When he was interviewed by the late Marian Finucane on her Irish RTÉ Radio 1 radio show in October 2019 he said : “I am indeed applying for an Irish passport. And it means a lot to me for two reasons: firstly, I want to remain in the EU and an Irish passport will enable me to do that; I am a European and I would like the passport of a European. Secondly, I have much to learn. I was completely enchanted by my journey to Ireland where I visited my grandmother’s birthplace in Inchinattin near Rosscarbery in Co Cork and that was where she grew up. And at the age of 16, from there, she went to England as a lady’s maid. That was in 1911 and a couple of years later all hell broke out in that region and there was a terrible religious war and carnage.

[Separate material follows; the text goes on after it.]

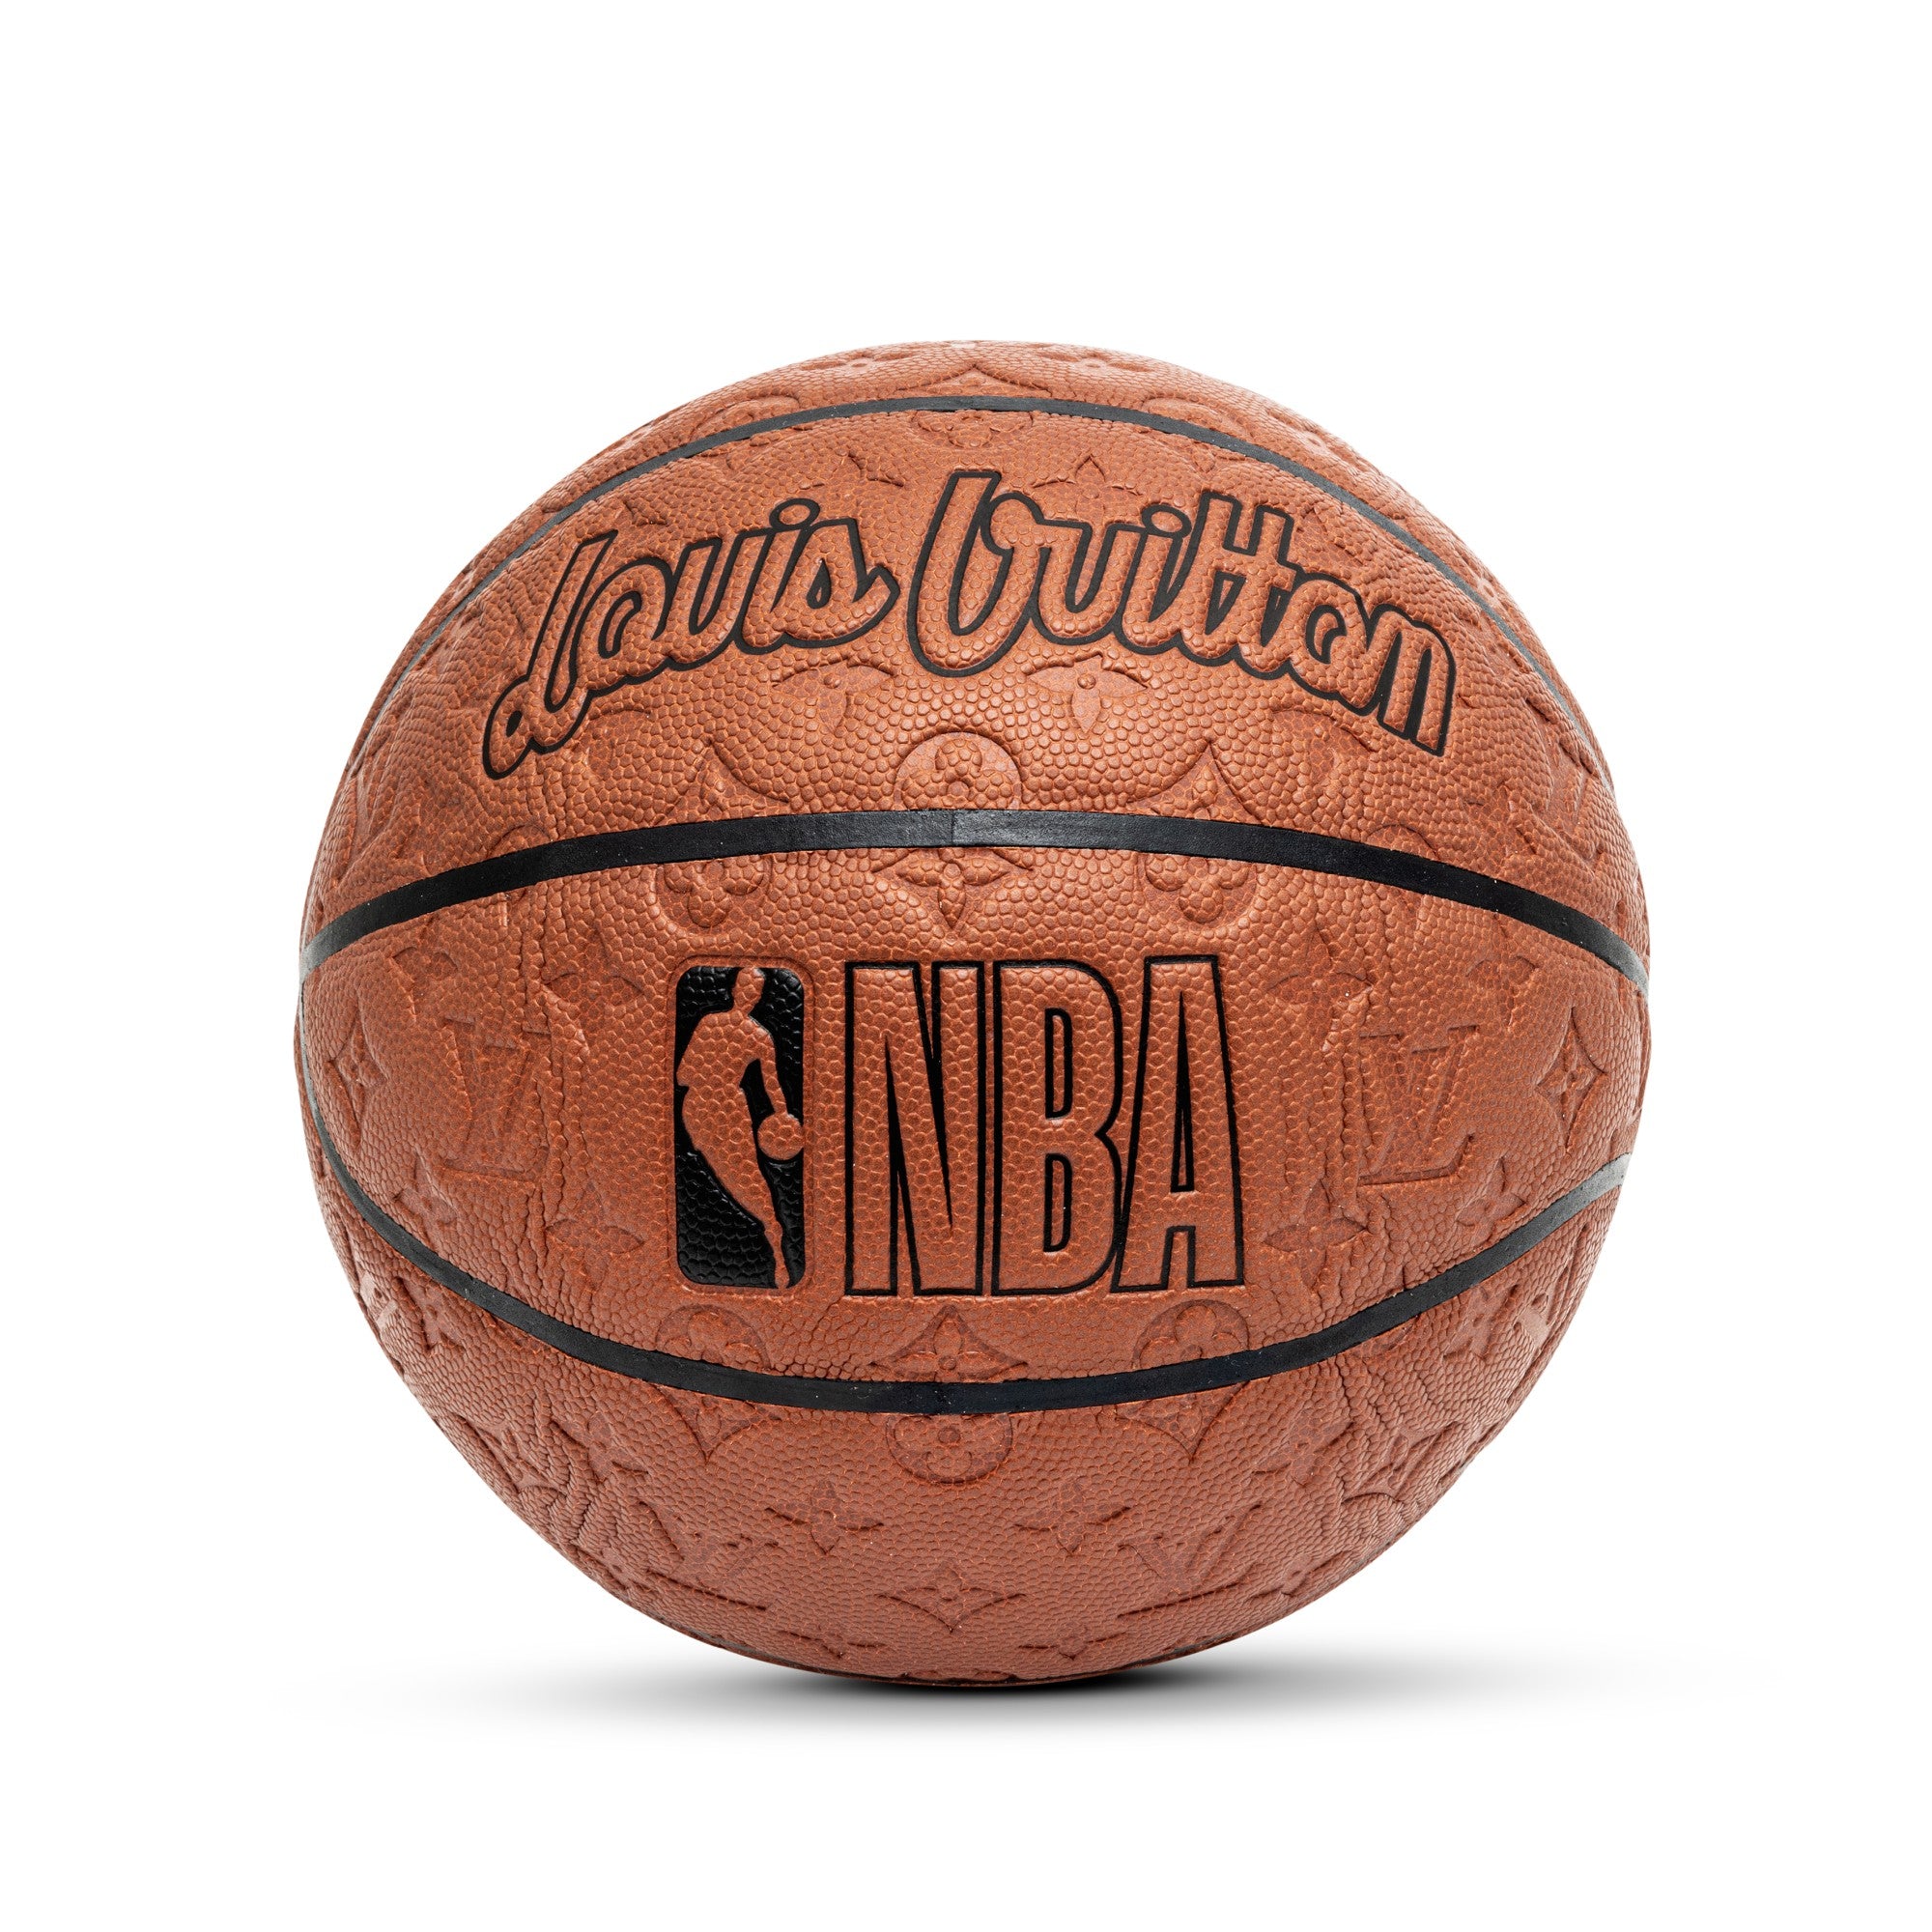 Louis Vuitton NBA Leather Basketball Jacket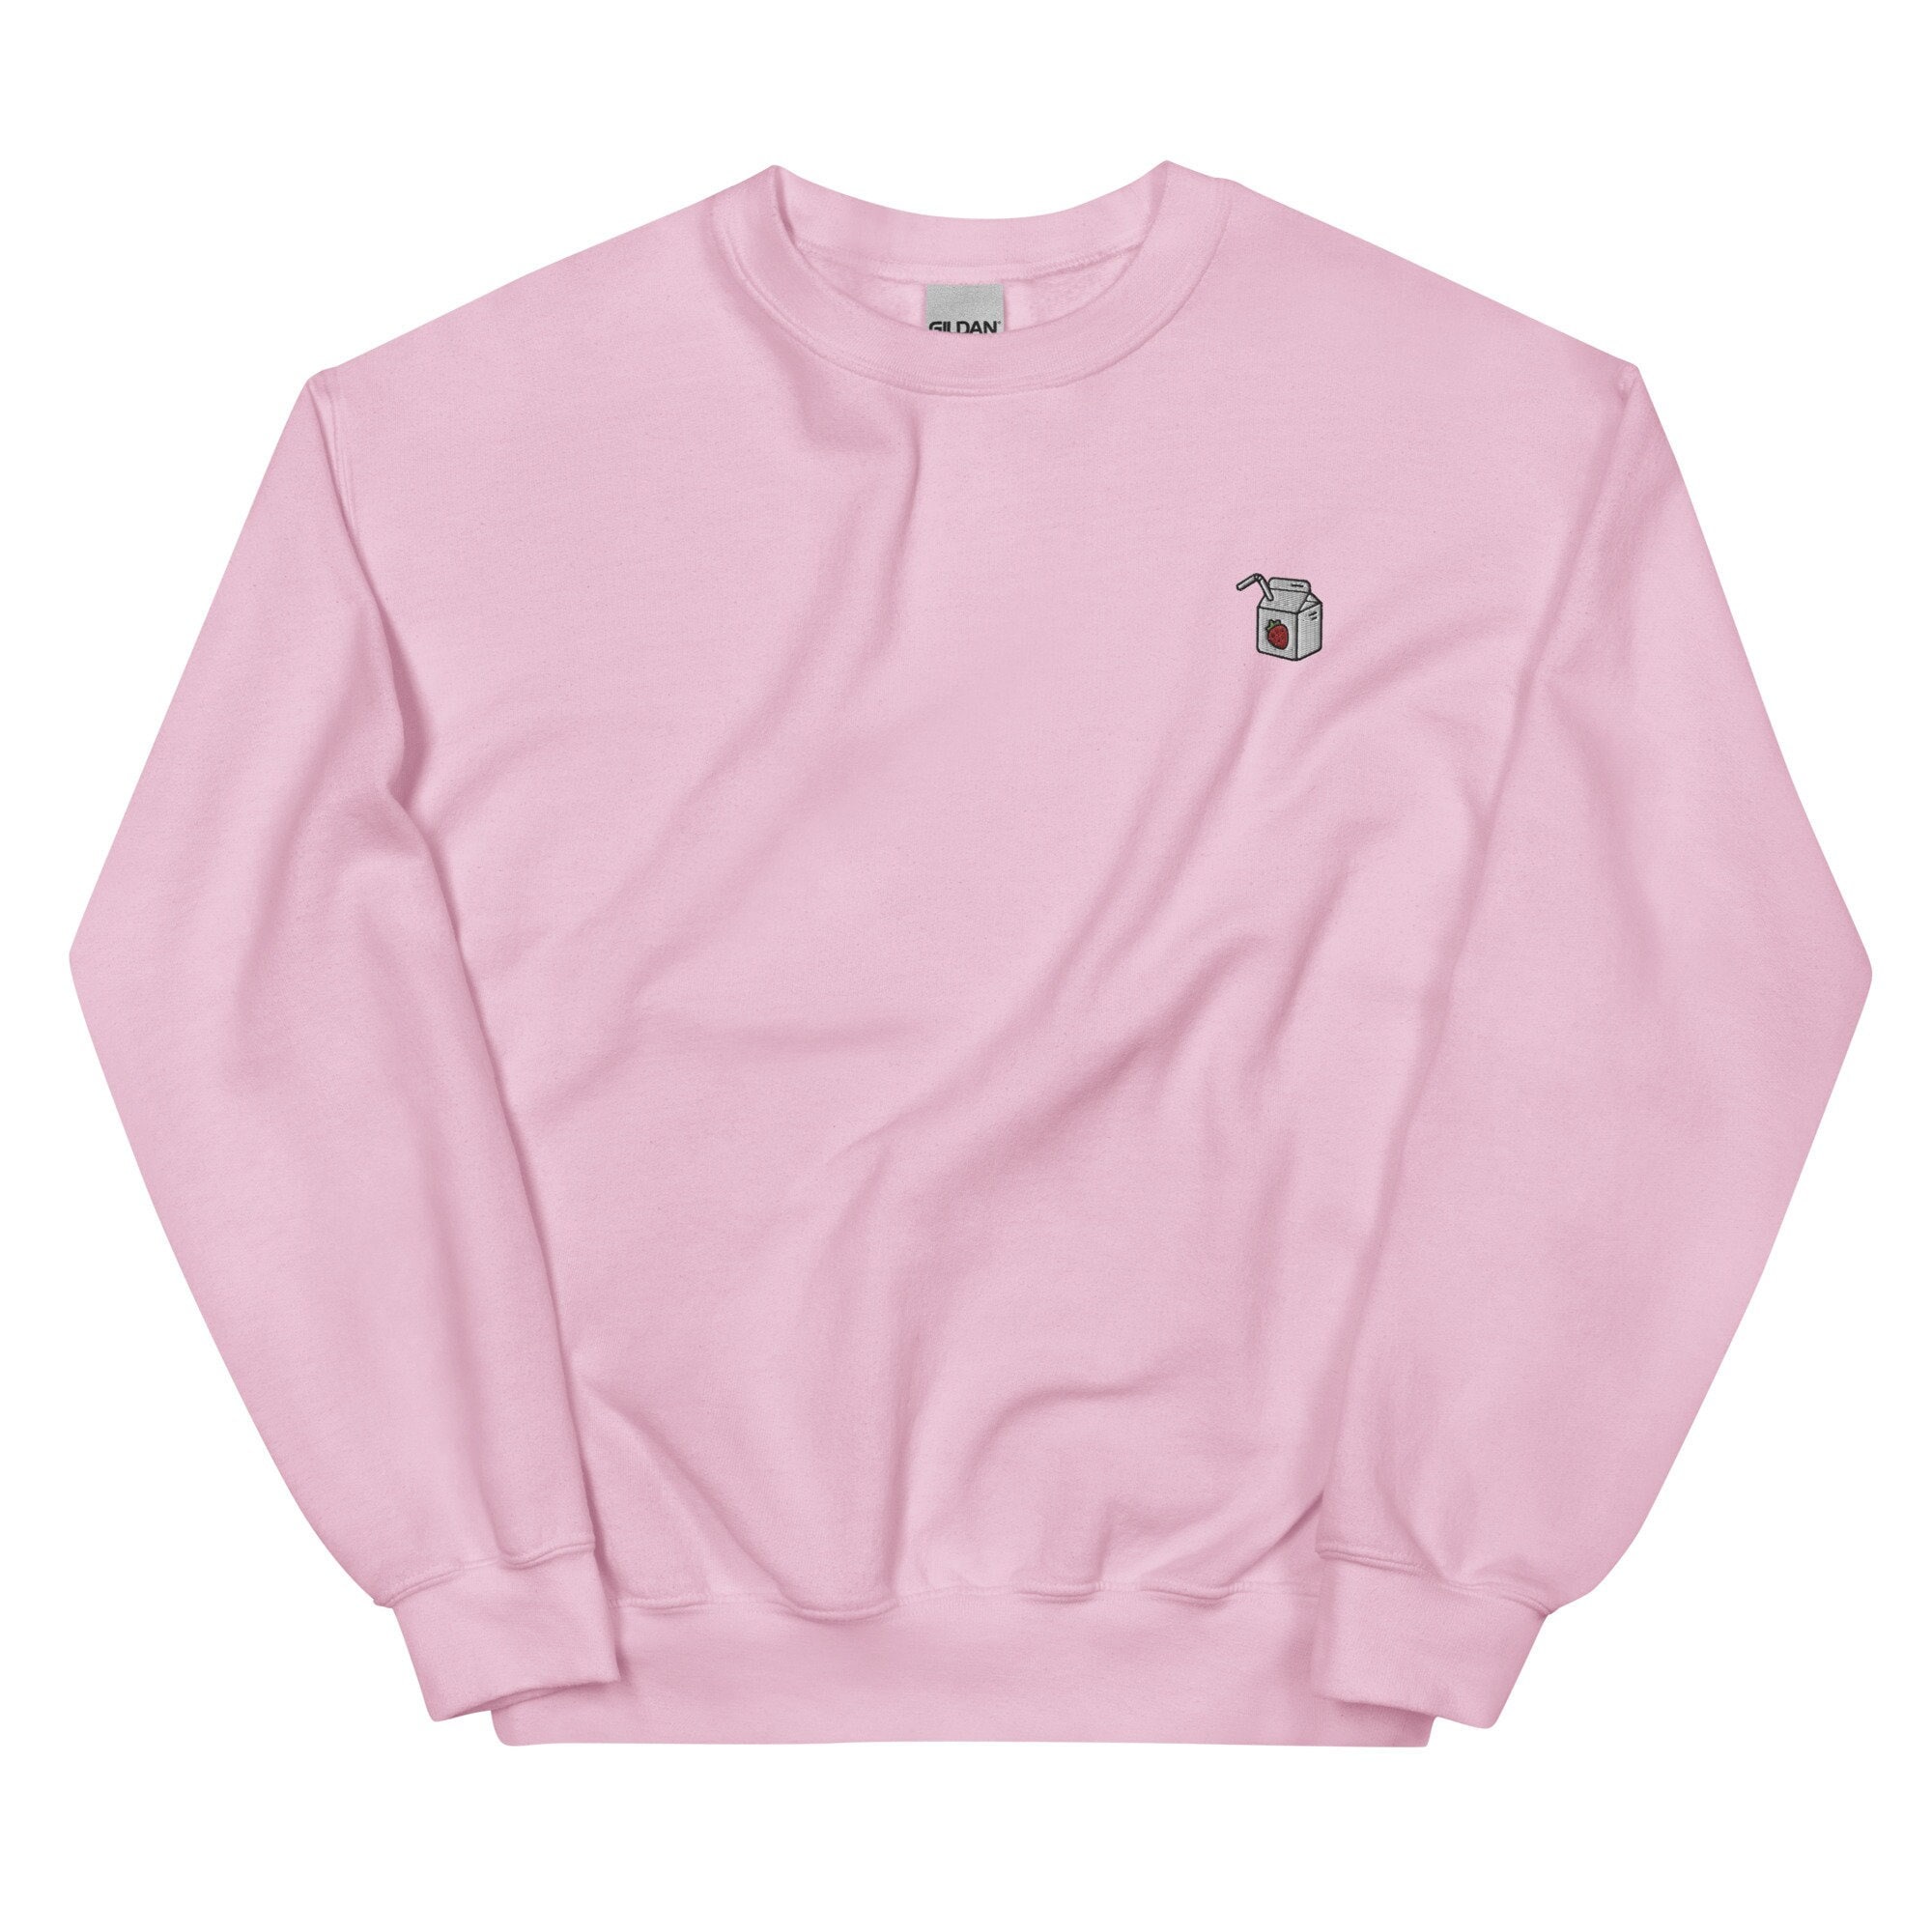 Strawberry Milk Sweatshirt

And she escaped that, so I went and found this tiny little spot, Inchinattin near Rosscarbery. 

Afterwards I went to Skibbereen where there is a heritage centre and a wonderful lady called Margaret Murphy, an archivist, first of all looked rather sternly at her computer for a long while and then she turned up to me and with a beautiful smile said, "welcome home".

When she said this to him his son said : "It was vastly moving for him, a huge emotional shift, an awareness of history and self which had genuinely eluded him his whole life".

John maintained his belief that Brexit was : 

“Without doubt the greatest catastrophe and the greatest idiocy that Britain has perpetrated since the invasion of Suez. Nobody is to blame but the Brits themselves – not the Irish, not the Europeans”.